The easiest way to get from Aguas Calientes (or Machu Picchu town) to the site of Machu Picchu is by bus. Some people will insist on getting up at 3am to join the bus queue for the first bus in the morning. However, as our guide advised, 99% of the time the site is covered in cloud and it’s not until about 9am that the sun will burn through the mists. Obviously, this changes throughout the year but as a rule of thumb a 7:30am bus will get you there in plenty of time.
Waiting for the mists to clear over Machu Picchu (Simon Chubb)
Yes, it’s entirely possible to visit Machu Picchu independently. However, there are no information boards to explain what you’re looking at, what the buildings were for or any other background information. If you want someone to help bring the site alive for you, it’s worth investing on a good guide. One disadvantage of a guided tour is that you’re required to follow the one-way system through the site – enforced by very polite and friendly, yet firm guardians. However, there’s nothing stopping you going round once with your guide and then going round a second time on your own to experience more of the site at your own pace. New regulations being drafted will make having a guide compulsory anyway.
Apparently, a little known rule states you are not allowed in wearing the traditional dress of another country. We didn't find any proof of that (but I didn't wear my sporran either). Despite the much publicised recent rash of streaking, neither are you allowed to go naked, or to change your clothes within the site. Walking poles are banned - unless you are disabled - as are large backpacks. New rules will also crack down on inappropriate footwear (to stop damage to the paths) and large umbrellas.

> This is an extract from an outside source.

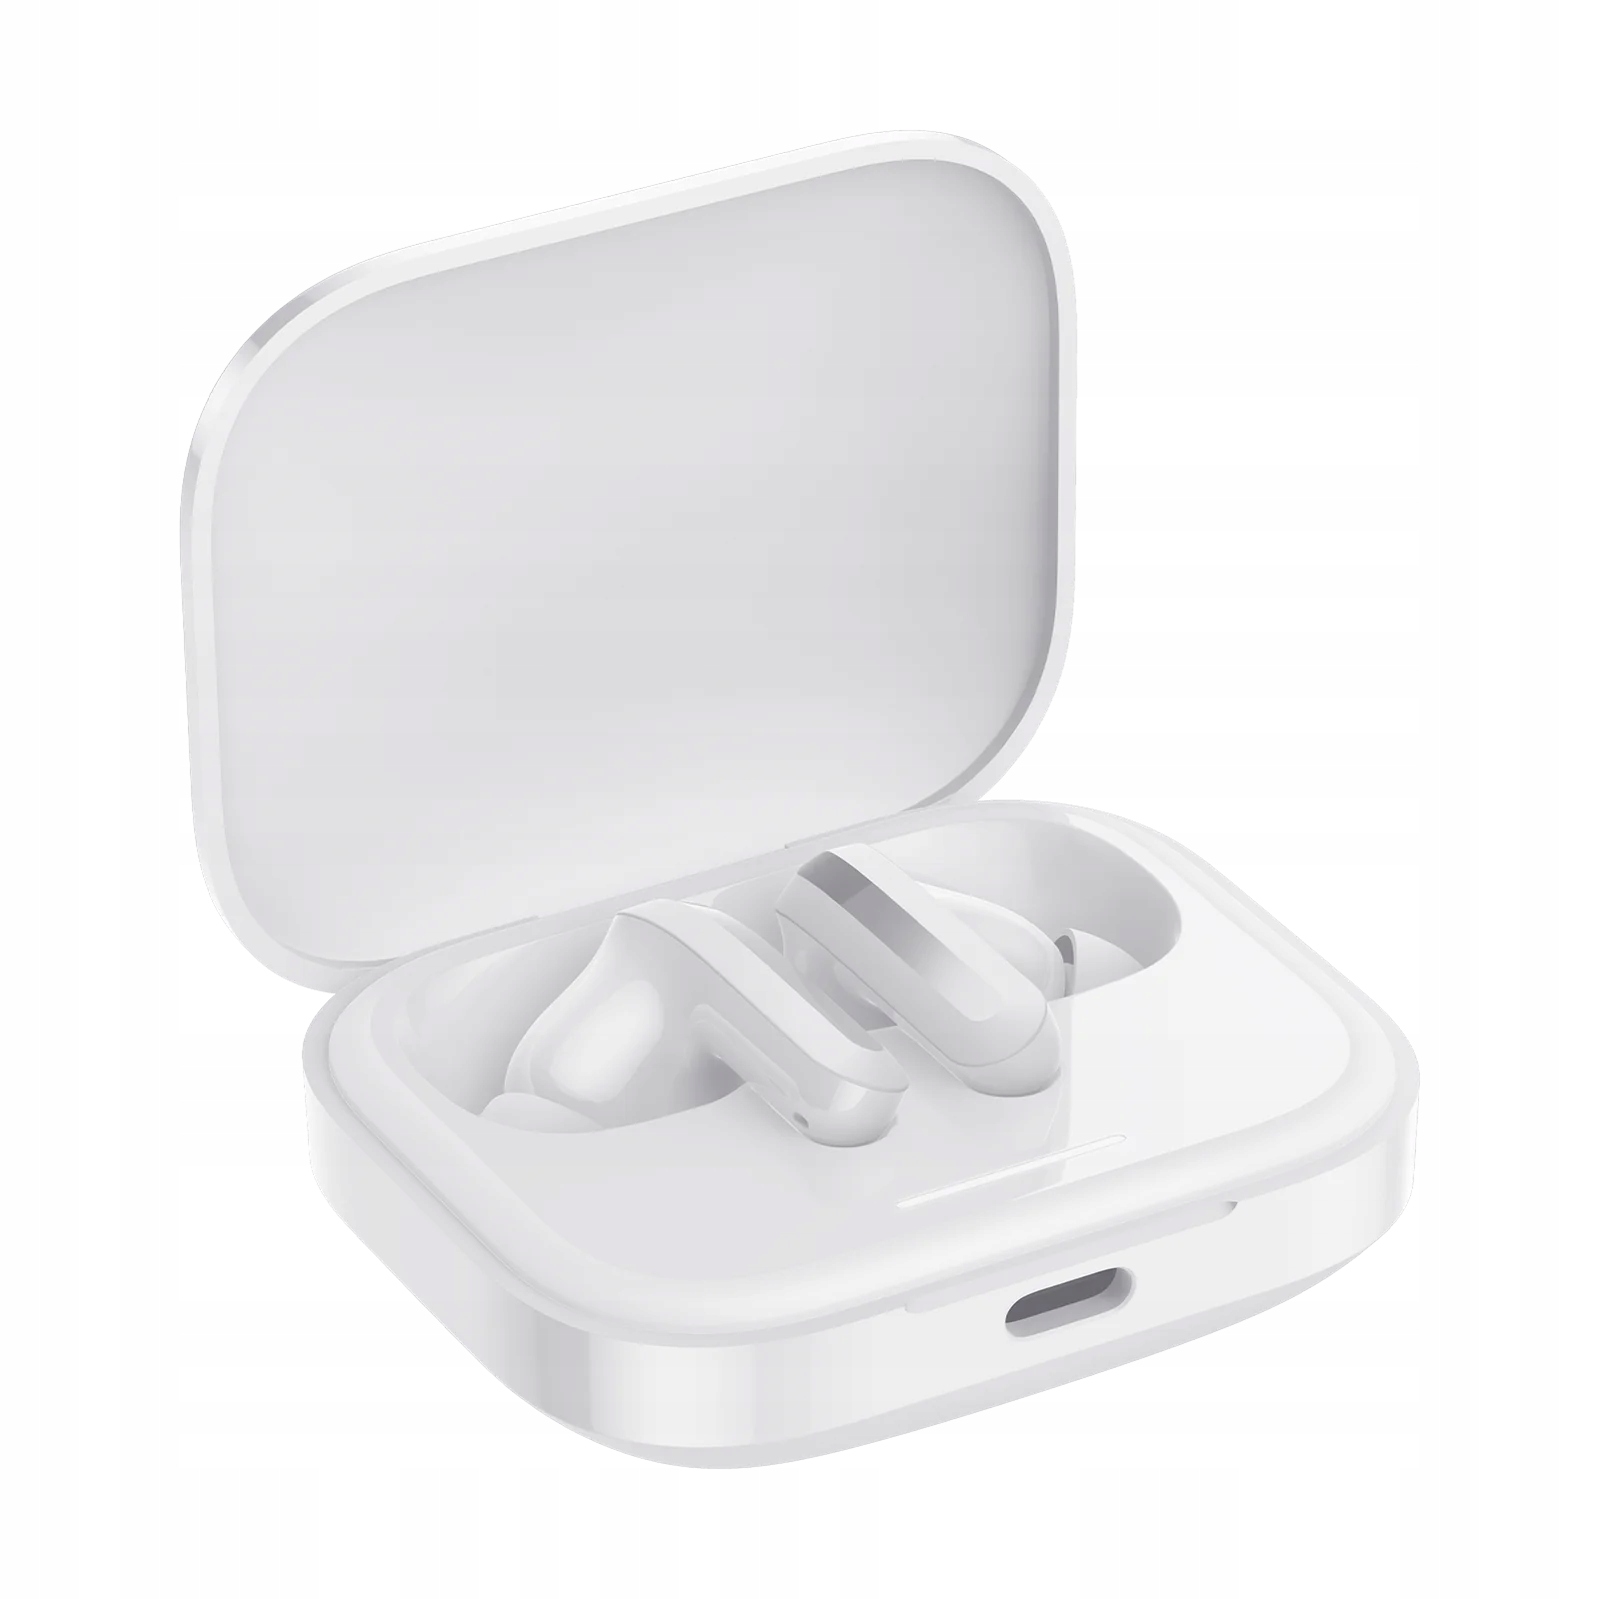 Bezdrátová sluchátka do uší Xiaomi Buds 5 bílá Hsp Hfp A2DP Avrcp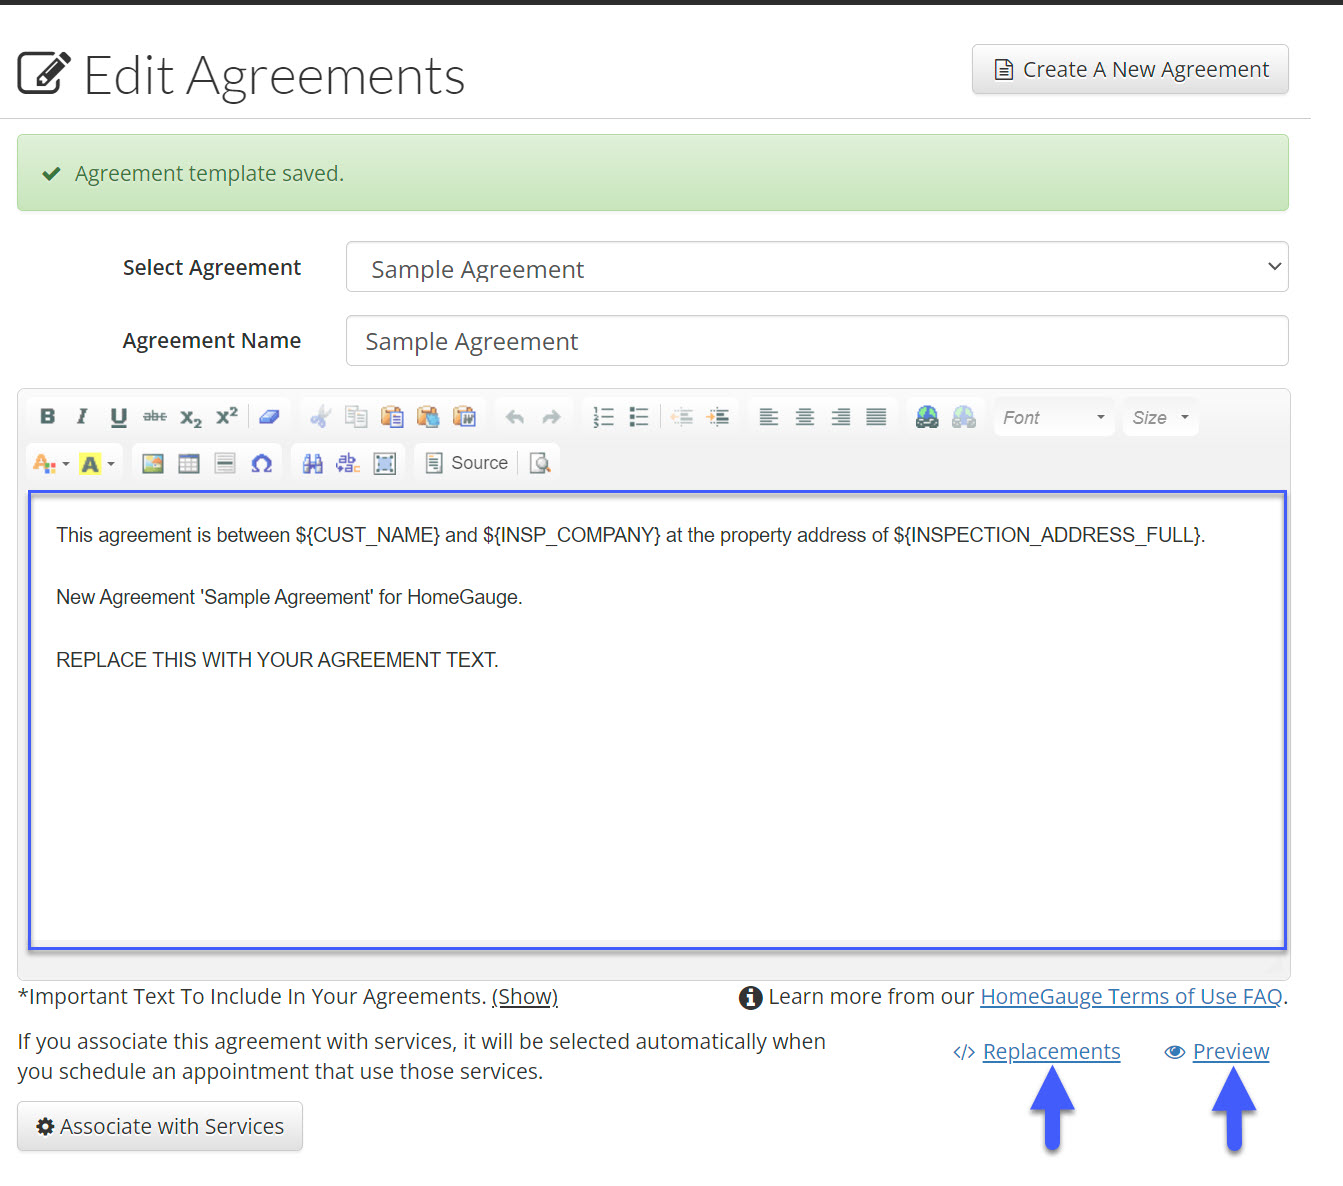 agreement template text box.jpg

Most people only stay one night between finishing the Inca Trek and before visiting Machu Picchu, or having arrived by train. However, staying longer gives you a lot more options. The town at the foot of Machu Picchu has a few of its own attractions and activities including the hot springs the town was named after and nearby activities such as white water rafting and cloudforest hikes. However, the main advantage is that you can visit Machu Picchu at different times of the days. Some people prefer to be at the site in the afternoon when the larger morning crowds have gone and you get golden afternoon sunlight. Alternatively on day one, you could visit the main site before climbing the very steep steps up Wayna Picchu (you need a ticket) for a view down to the site. On day two, hike the longer but steadier climb to Machu Picchu Mountain – additional ticket also applies – for views down towards Wayna Picchu.